The foregoing detailed description has set forth various embodiments of the devices and/or processes via the use of block diagrams, flowcharts, and/or examples. Insofar as such block diagrams, flowcharts, and/or examples contain one or more functions and/or operations, it will be understood by those within the art that each function and/or operation within such block diagrams, flowcharts, or examples can be implemented, individually and/or collectively, by a wide range of hardware, software, firmware, or virtually any combination thereof. In one embodiment, several portions of the subject matter described herein may be implemented via Application Specific Integrated Circuits (ASICs), Field Programmable Gate Arrays (FPGAs), digital signal processors (DSPs), or other integrated formats. However, those skilled in the art will recognize that some aspects of the embodiments disclosed herein, in whole or in part, can be equivalently implemented in integrated circuits, as one or more computer programs running on one or more computers (e.g., as one or more programs running on one or more computer systems), as one or more programs running on one or more processors (e.g., as one or more programs running on one or more microprocessors), as firmware, or as virtually any combination thereof, and that designing the circuitry and/or writing the code for the software and or firmware would be well within the skill of one of skill in the art in light of this disclosure. In addition, those skilled in the art will appreciate that the mechanisms of the subject matter described herein are capable of being distributed as a program product in a variety of forms, and that an illustrative embodiment of the subject matter described herein applies regardless of the particular type of signal bearing medium used to actually carry out the distribution. Examples of a signal bearing medium include, but are not limited to, the following: a recordable type medium such as a floppy disk, a hard disk drive, a Compact Disc (CD), a Digital Versatile Disk (DVD), a digital tape, a computer memory, etc.; and a transmission type medium such as a digital and/or an analog communication medium (e.g., a fiber optic cable, a waveguide, a wired communications link, a wireless communication link, etc.).

Those skilled in the art will recognize that it is common within the art to describe devices and/or processes in the fashion set forth herein, and thereafter use engineering practices to integrate such described devices and/or processes into data processing systems. That is, at least a portion of the devices and/or processes described herein can be integrated into a data processing system via a reasonable amount of experimentation. Those having skill in the art will recognize that a typical data processing system generally includes one or more of a system unit housing, a video display device, a memory such as volatile and nonvolatile memory, processors such as microprocessors and digital signal processors, computational entities such as operating systems, drivers, graphical user interfaces, and applications programs, one or more interaction devices, such as a touch pad or screen, and/or control systems including feedback loops and control motors (e.g., feedback for sensing position and/or velocity; control motors for moving and/or adjusting components and/or quantities). A typical data processing system may be implemented utilizing any suitable commercially available components, such as those typically found in data computing/communication and/or network computing/communication systems.
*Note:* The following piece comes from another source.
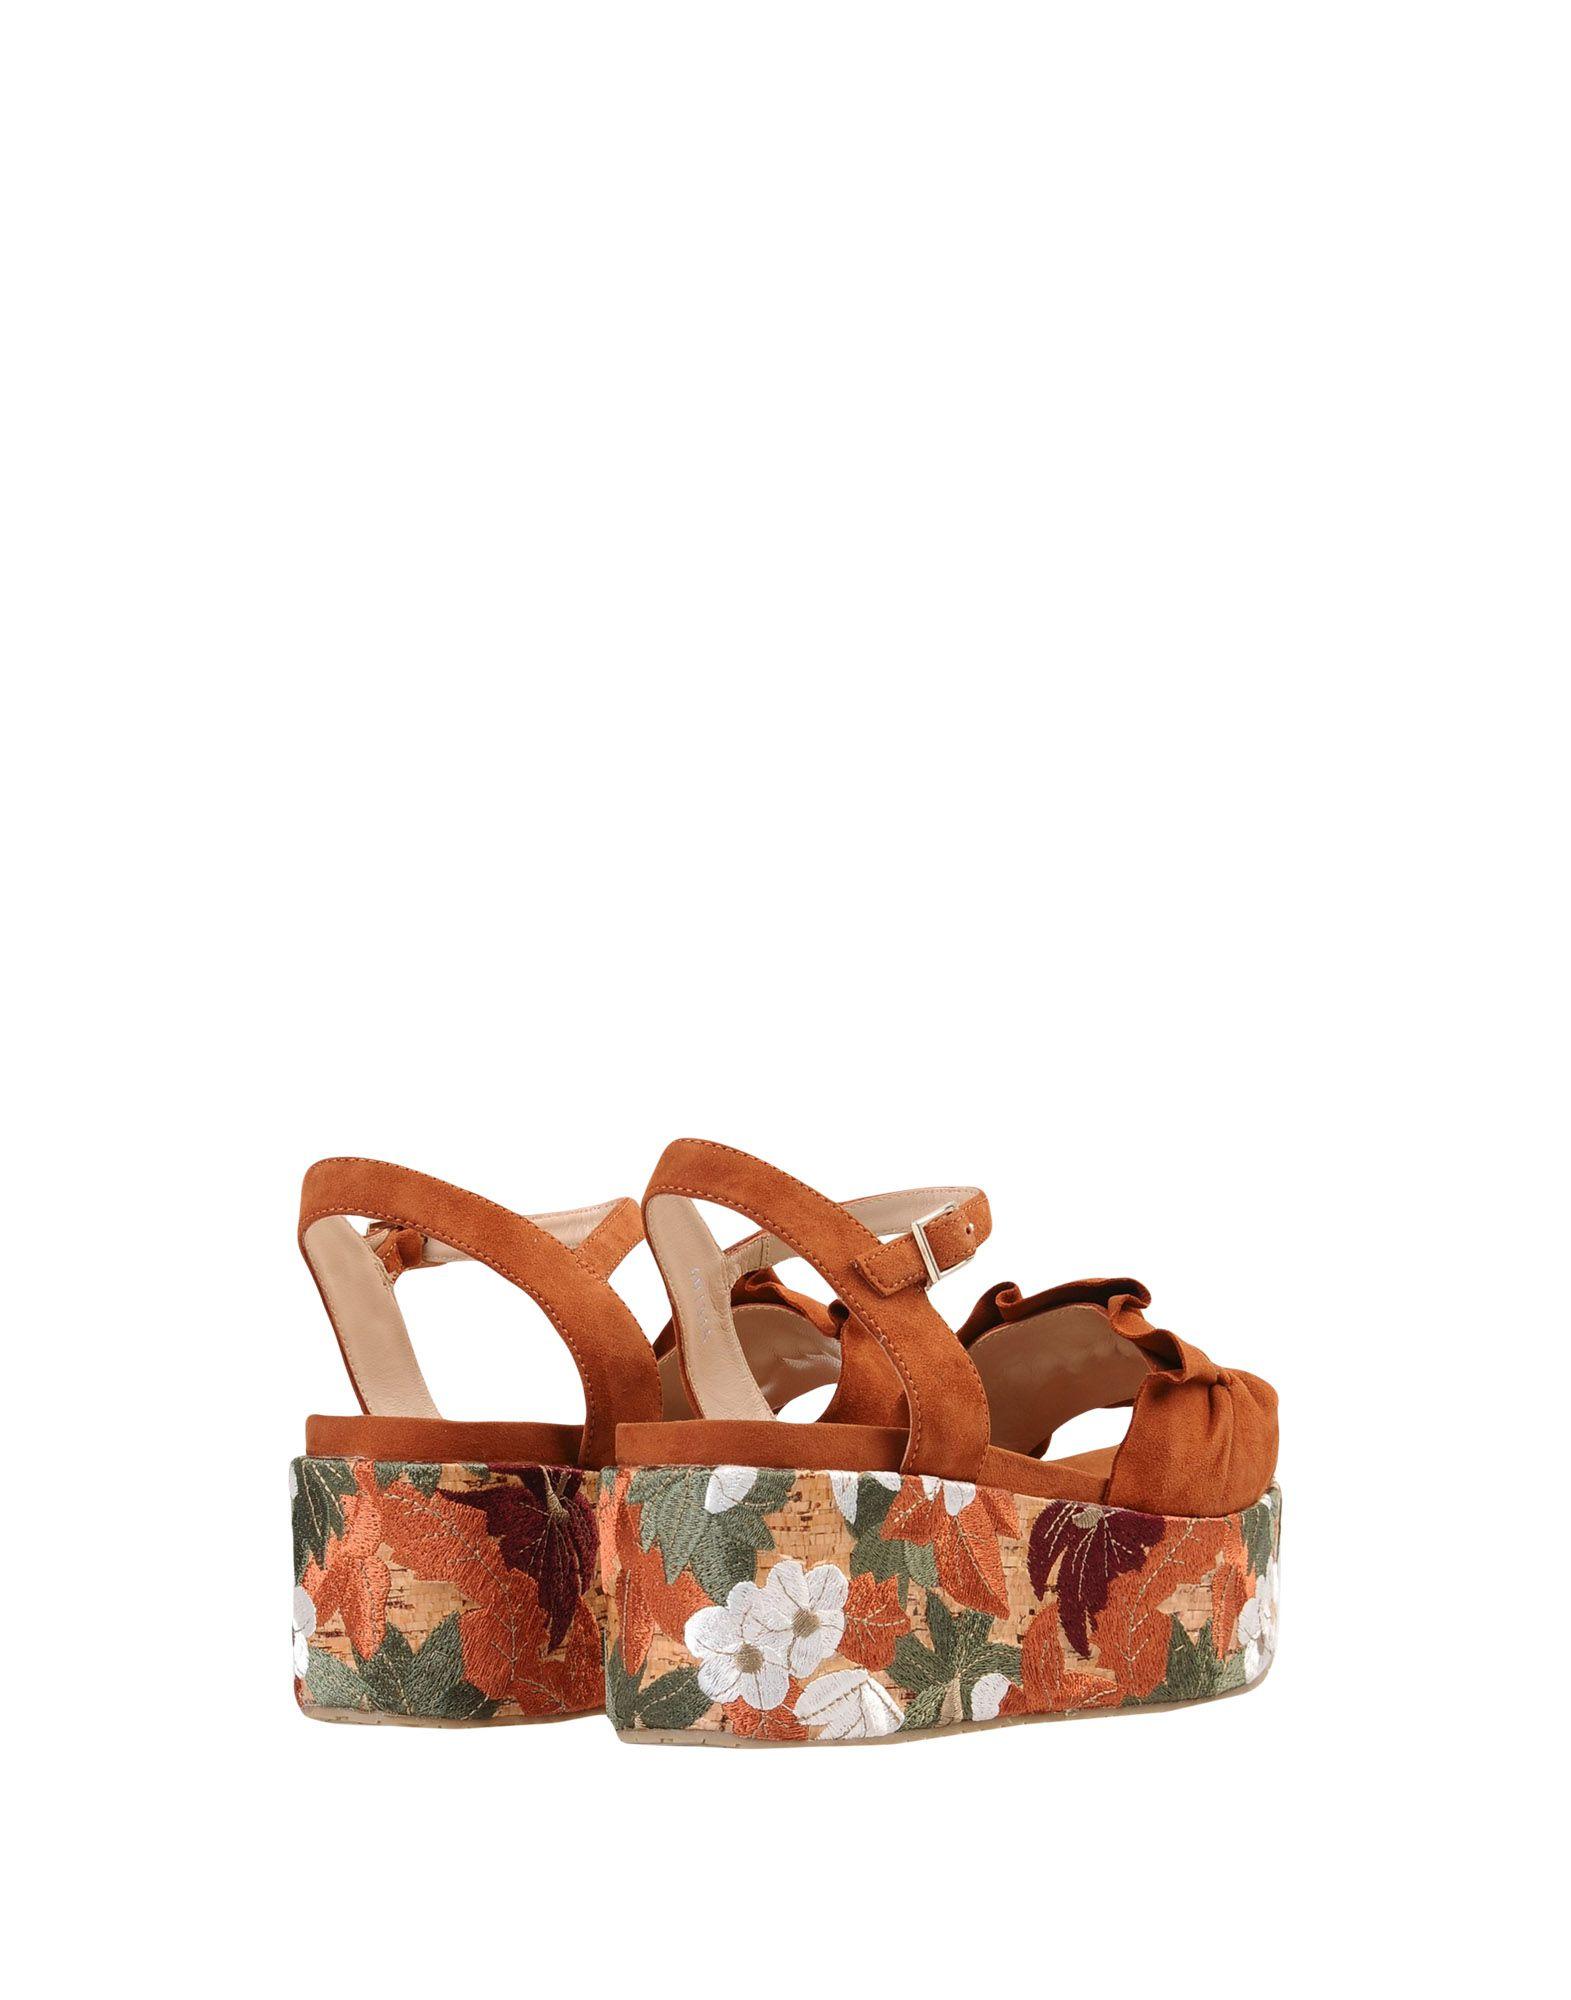 Bruno Premi Gute Sandalen Damen  11464415JD Gute Premi Qualität beliebte Schuhe d8f1c5

The herein described subject matter sometimes illustrates different components contained within, or connected with, different other components. It is to be understood that such depicted architectures are merely exemplary, and that in fact many other architectures can be implemented which achieve the same functionality. In a conceptual sense, any arrangement of components to achieve the same functionality is effectively “associated” such that the desired functionality is achieved. Hence, any two components herein combined to achieve a particular functionality can be seen as “associated with” each other such that the desired functionality is achieved, irrespective of architectures or intermedial components. Likewise, any two components so associated can also be viewed as being “operably connected”, or “operably coupled”, to each other to achieve the desired functionality, and any two components capable of being so associated can also be viewed as being “operably couplable”, to each other to achieve the desired functionality. Specific examples of operably couplable include but are not limited to physically mateable and/or physically interacting components and/or wirelessly interactable and/or wirelessly interacting components and/or logically interacting and/or logically interactable components.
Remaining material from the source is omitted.